ABSTRACT: The beginning of the book of Genesis is not, as some claim, a mythical or poetic account of creation. It is historical narrative, telling the same story that unfolds in the patriarchs, the exodus, and the establishment of Israel. And, being from God, it speaks truly. Modern readers may not learn everything they would like to know about creation from Genesis 1–3, but they will find everything they most need to know. They also will find an account of creation unlike anything outside the Bible. Compared to the creation myths of Israel’s neighbors, Genesis stands majestically alone.
How do we interpret Genesis 1–3 in a sound way? It is not so easy to find out just by listening to and reading modern interpreters. There are many voices, and they disagree with one another.
I have only one main piece of advice. We learn how to read Genesis 1–3 wisely in the same way that we learn to read the rest of the Bible wisely. And how is that? By taking to heart what the Bible itself says. Several aspects of biblical teaching need to be taken into account.
Let us begin with a foundational issue: the nature of God.
Who God IsDoes God exist? And what kind of God is he? Is he a God who can create the world, in the way that Genesis 1 describes? Is he the kind of God who could fashion the first woman from the rib of Adam, as Genesis 2:21–22 describes? Is he the kind of God who can speak in an audible voice from the top of Mount Sinai (Exodus 19:9–20:22; Deuteronomy 5:2–22)? Is he the kind of God who can multiple five loaves and two fish, so that they feed five thousand men (John 6)?
Most of elite culture in the modern Western world does not believe in a God like that. Rather, the culture is deeply influenced by philosophical materialism, which says that matter is the ultimate constituent of the world. If some kind of a god exists, he is not involved in the world in the way that the Bible describes. He is not a God who speaks or who works miracles.
In addition, some people are influenced by New Age mysticism. They believe in various kinds of spiritual influence. But their “god,” if they call it that, is an aspect of nature.

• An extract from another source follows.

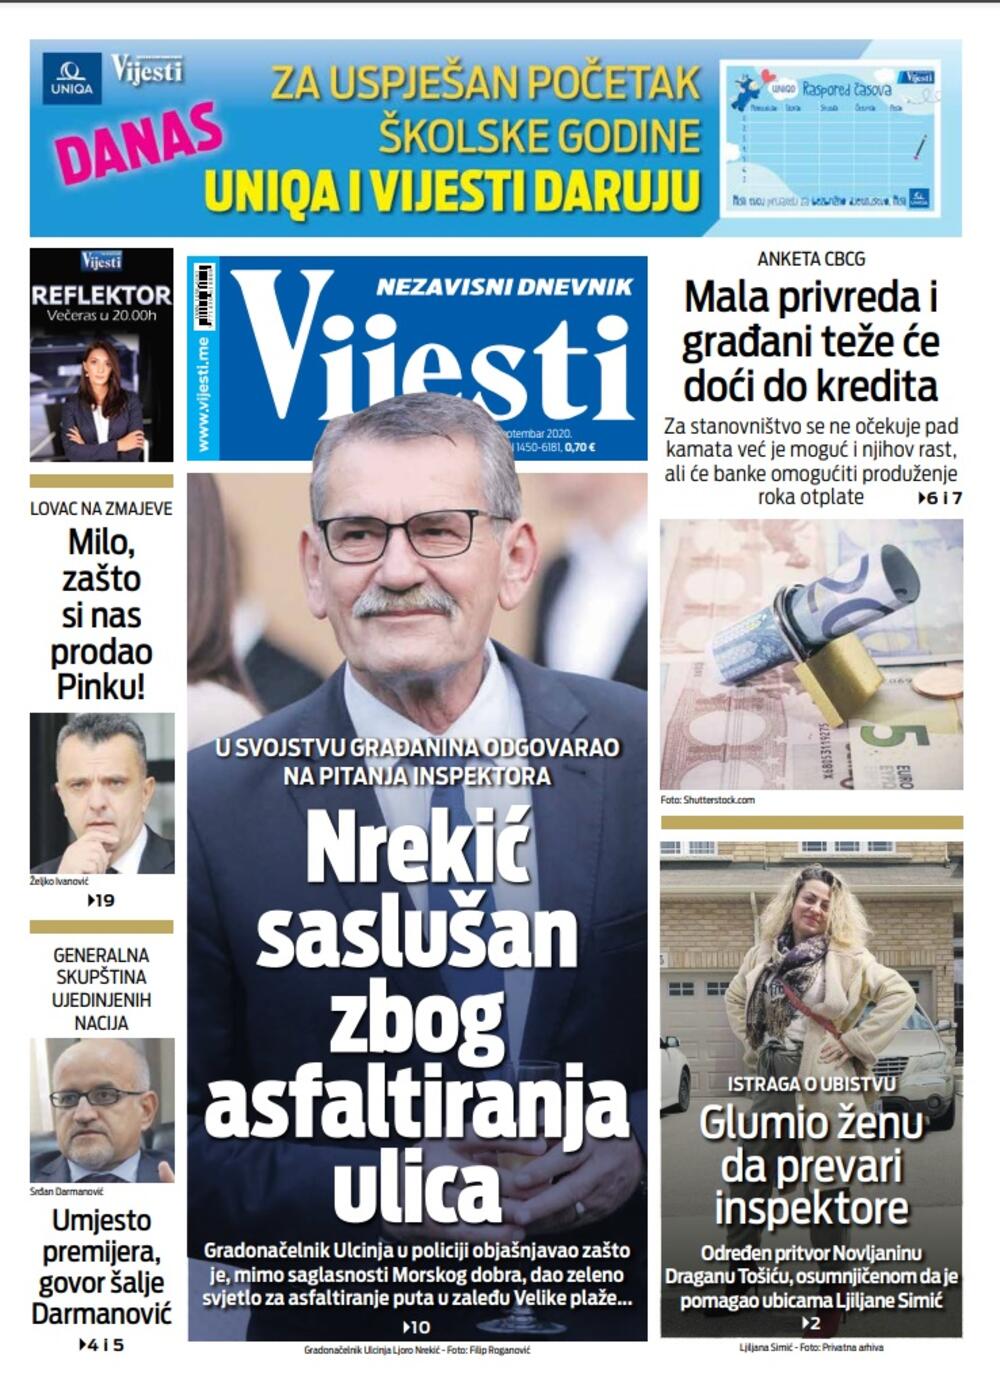 Naslovna strana "Vijesti" za 29. septembar 2020. godine, Foto: Vijesti

The issue of God is monumentally important. If God is not a God such as the Bible describes, then either the Bible is a lie or it has to be radically reinterpreted. And that is what people do. Much of the academic study of the Bible at major universities of the world takes place under the assumption that the way we read the Bible must harmonize with modern ideas about the world. Hence, this academic study corrupts the Bible. And then this corruption travels out into general culture.
But in fact, God exists — the same God that the Bible describes. Therefore, the elite people in Western culture are walking in the dark about God. It is the culture, not the Bible, that has to be radically reinterpreted. Genesis 1–3 is one text — a crucial text — that shows the massive difference between the Bible’s view of God and common modern Western views.
The first point, then, is that when we read the Bible, we need to reckon with who God is.
The Divine Authorship of the BibleA second issue concerns the nature of the Bible. It is the word of God. It is what God says.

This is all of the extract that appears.